◆ WORK INSTRUCTIONS
In the material below, find the line with "Random | — Bull" and the line with "и системы уравнений", then output those two lines and every line between them, exactly.

◆ RECORDS PROVIDED
..........

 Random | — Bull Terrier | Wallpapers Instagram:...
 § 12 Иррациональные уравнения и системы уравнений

..........

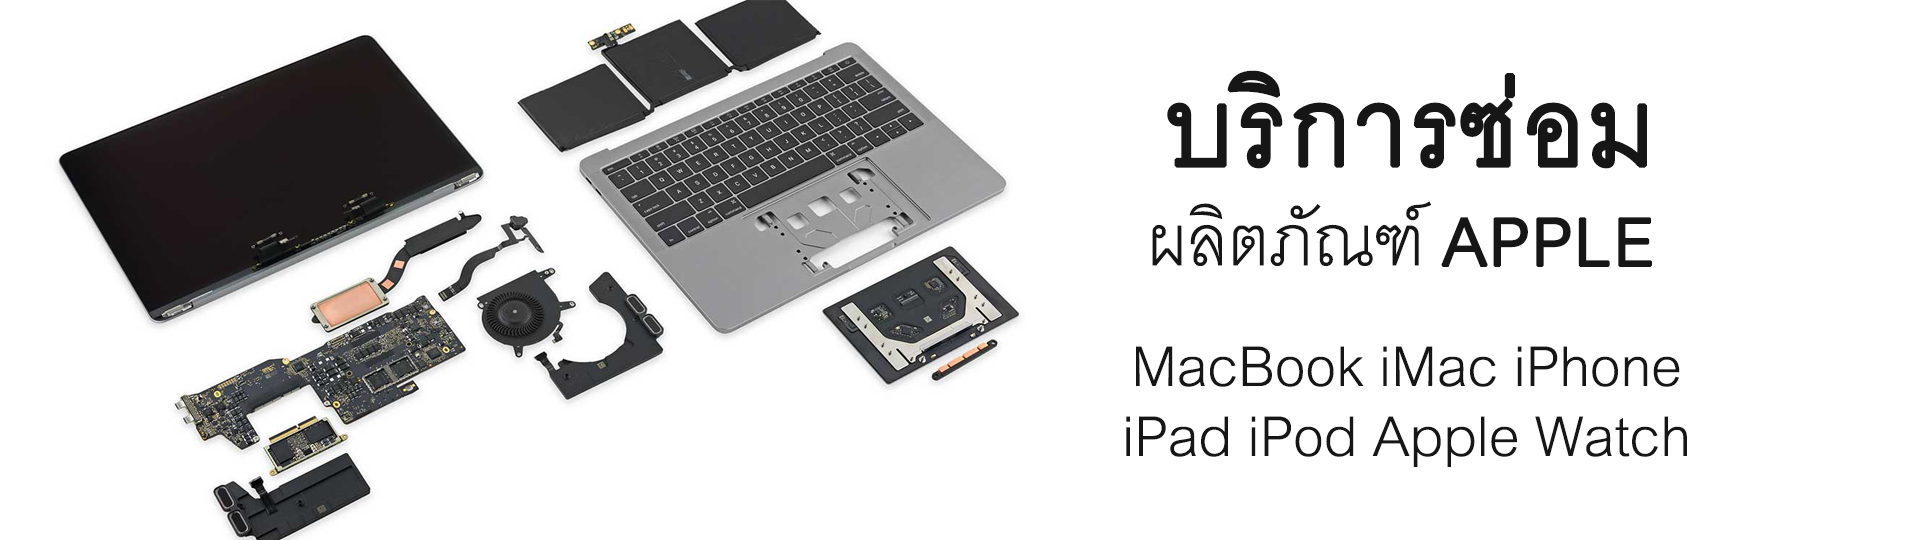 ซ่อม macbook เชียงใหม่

..........

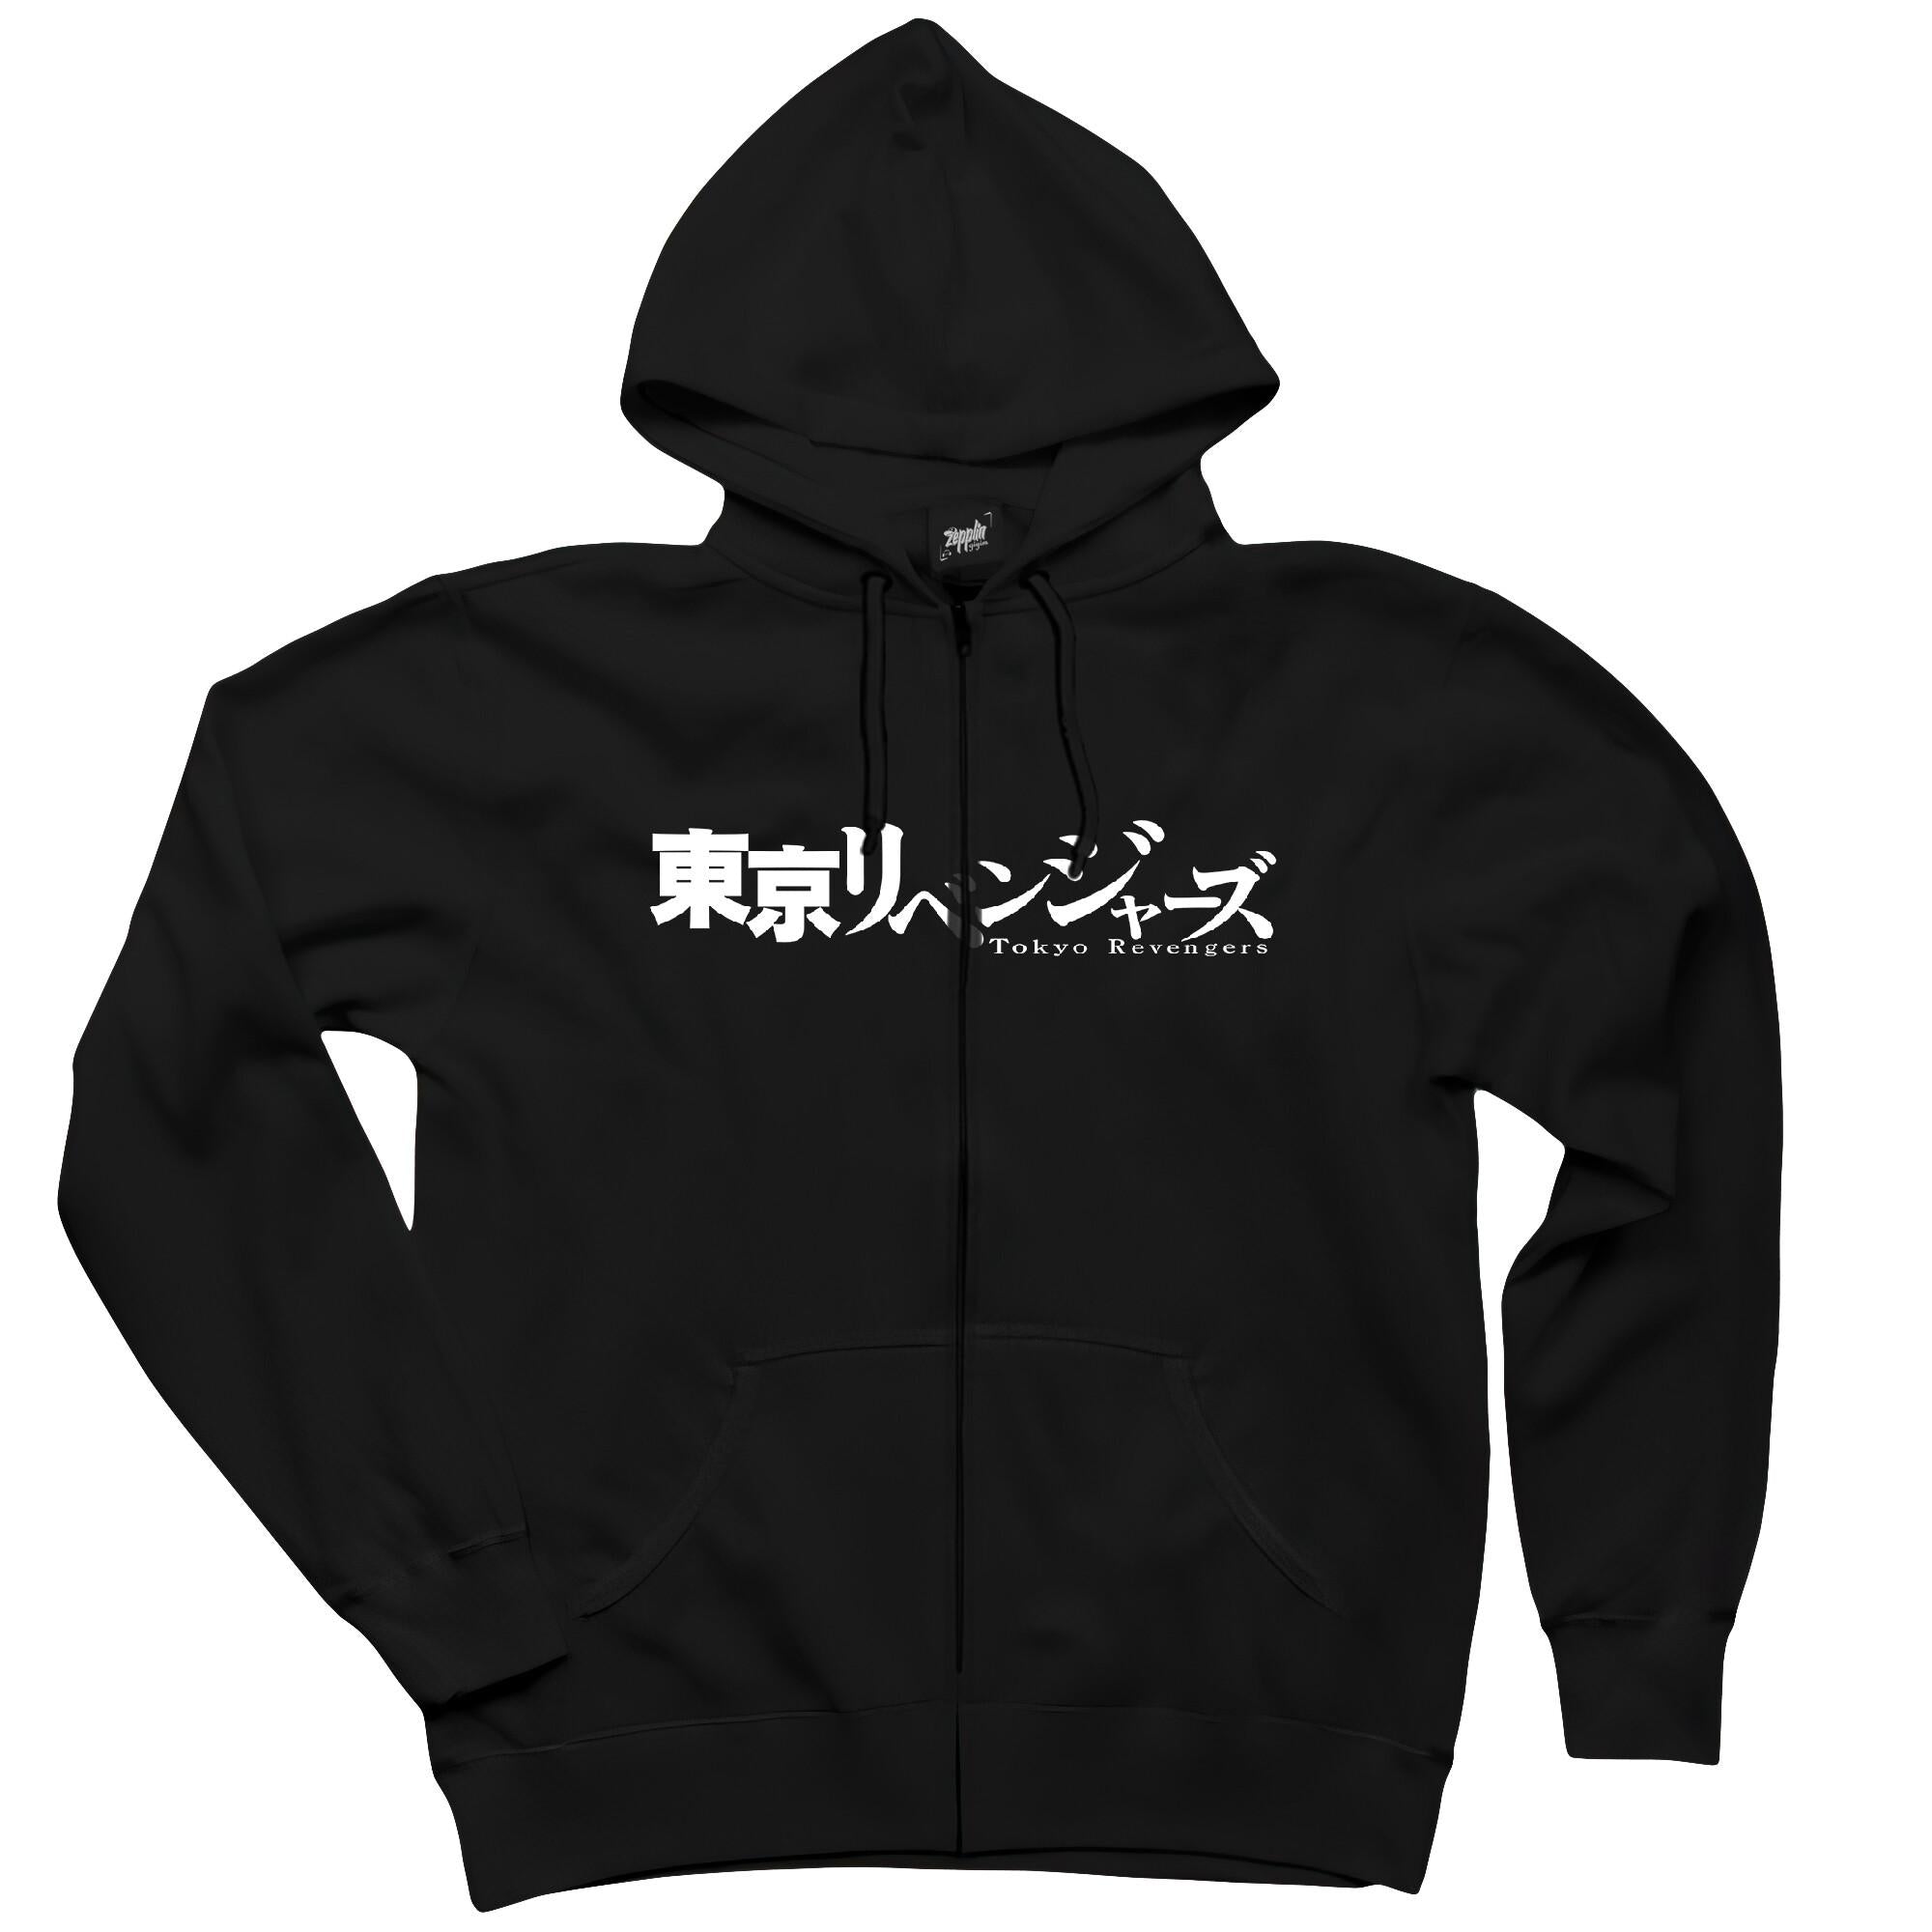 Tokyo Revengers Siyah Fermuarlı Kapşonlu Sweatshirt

..........

◆ YOUR SOLUTION
 Random | — Bull Terrier | Wallpapers Instagram:...
 § 12 Иррациональные уравнения и системы уравнений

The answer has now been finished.